Зритель, сидевший позади, опять зашикал на нее. Ее одобрительные восклицания раздражали его с самого начала пьесы.

– «…Безумцам освещали путь к пыльной смерти…»

Поскольку я довольно хорошо знал Холмса, то сразу различил в этих словах глубоко личную интонацию, в то время как остальные зрители воспринимали их как прощание с надеждой.
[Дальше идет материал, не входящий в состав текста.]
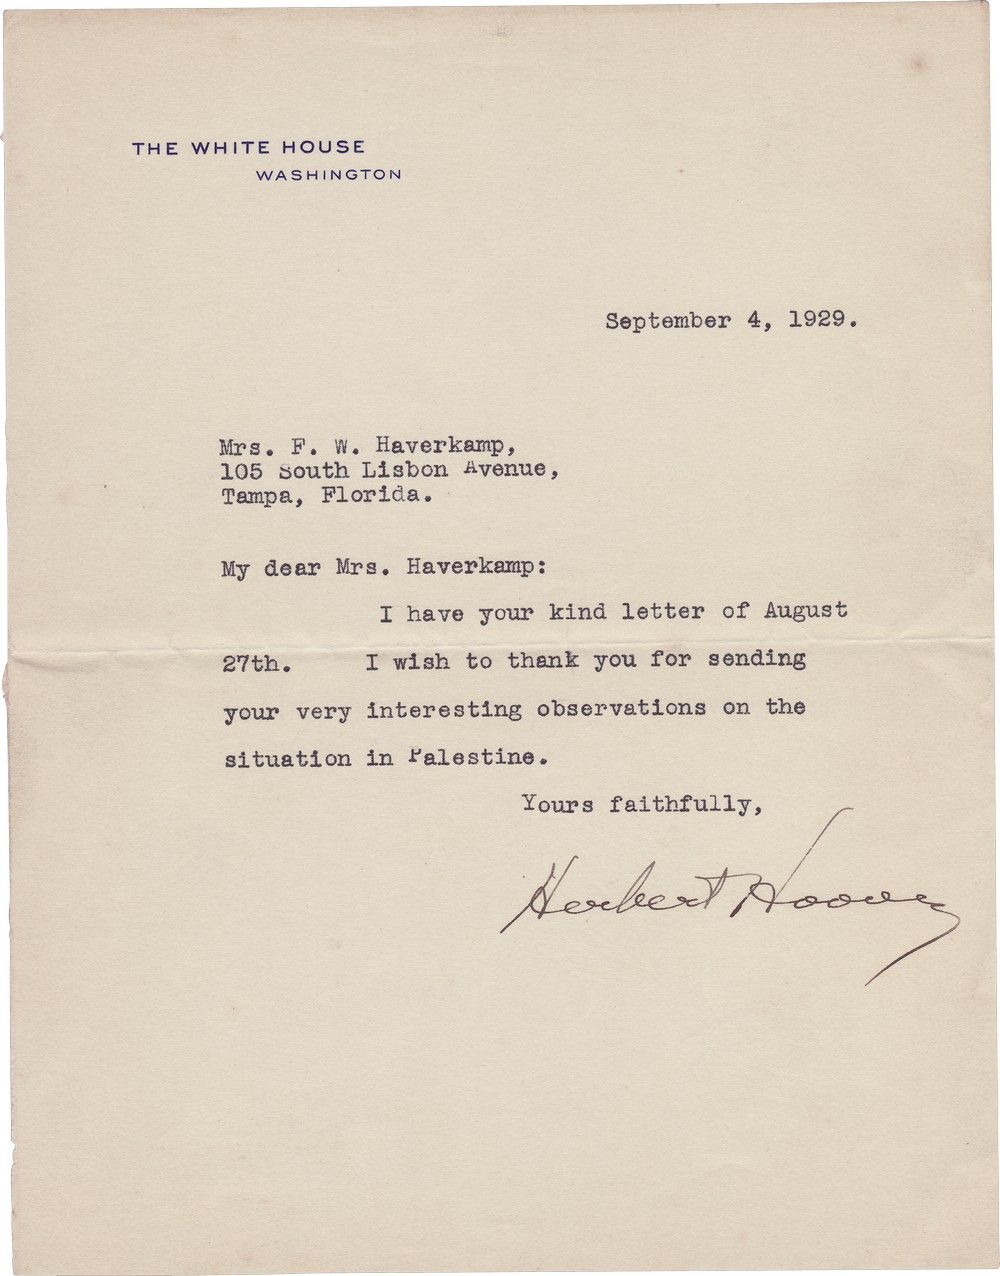 President Herbert Hoover Silent on 1929 Hebron Massacre

Я тоже, вспоминая о смерти Якоба Браатена, ощущал болезненные уколы совести, но до настоящего момента мне удавалось не думать об этом, погрузившись в пьесу.

– «…Фигляр, который час кривляется на сцене и навсегда смолкает…»

Горькие эти слова потрясли меня: я понял, что Холмс прощается со сценой, на которую ему больше никогда и нигде не выйти.

– «…Где много и шума и страстей, но смысла нет».

Припомнив, что грядет битва, я понадеялся, что Саттон часто повторял эту сцену и Холмс сумел перенять его движения. Я подозревал, что эта часть пьесы окажется наиболее сложной для моего патрона. Несмотря на бурные события, происходившие на сцене, а также на двойное напряжение, которое я испытывал (оттого, что был захвачен трагедией, и оттого, что знал, кто исполняет в ней заглавную роль), меня одолевала усталость. Мне не грозила опасность задремать, но я неловко развалился в кресле, ощутив боли, которых прежде не замечал. Я спрашивал себя, наслаждается ли мисс Хелспай представлением, или треволнения сегодняшнего дня лишили ее этого удовольствия.

Началась последняя битва. Волею Барда Макдуф одержал верх. Пьеса окончилась, занавес опустился, затем публика, как водится, стала вызывать актеров на поклон. Я аплодировал вместе с остальными, чувствуя облегчение оттого, что тяжкое испытание, выпавшее на долю Холмса, подходит к концу.

– Надо пойти за кулисы, – сказала мисс Хелспай, дернув меня за рукав, – и поздравить его со столь удачным исполнением.

– Может быть, – ответил я, не зная, будет ли Холмс рад нам.

– Во всяком случае, мы должны попытаться, – заявила она и стала пробираться к центральному проходу. – Если он не захочет нас видеть, то не пустит. Служитель узнает.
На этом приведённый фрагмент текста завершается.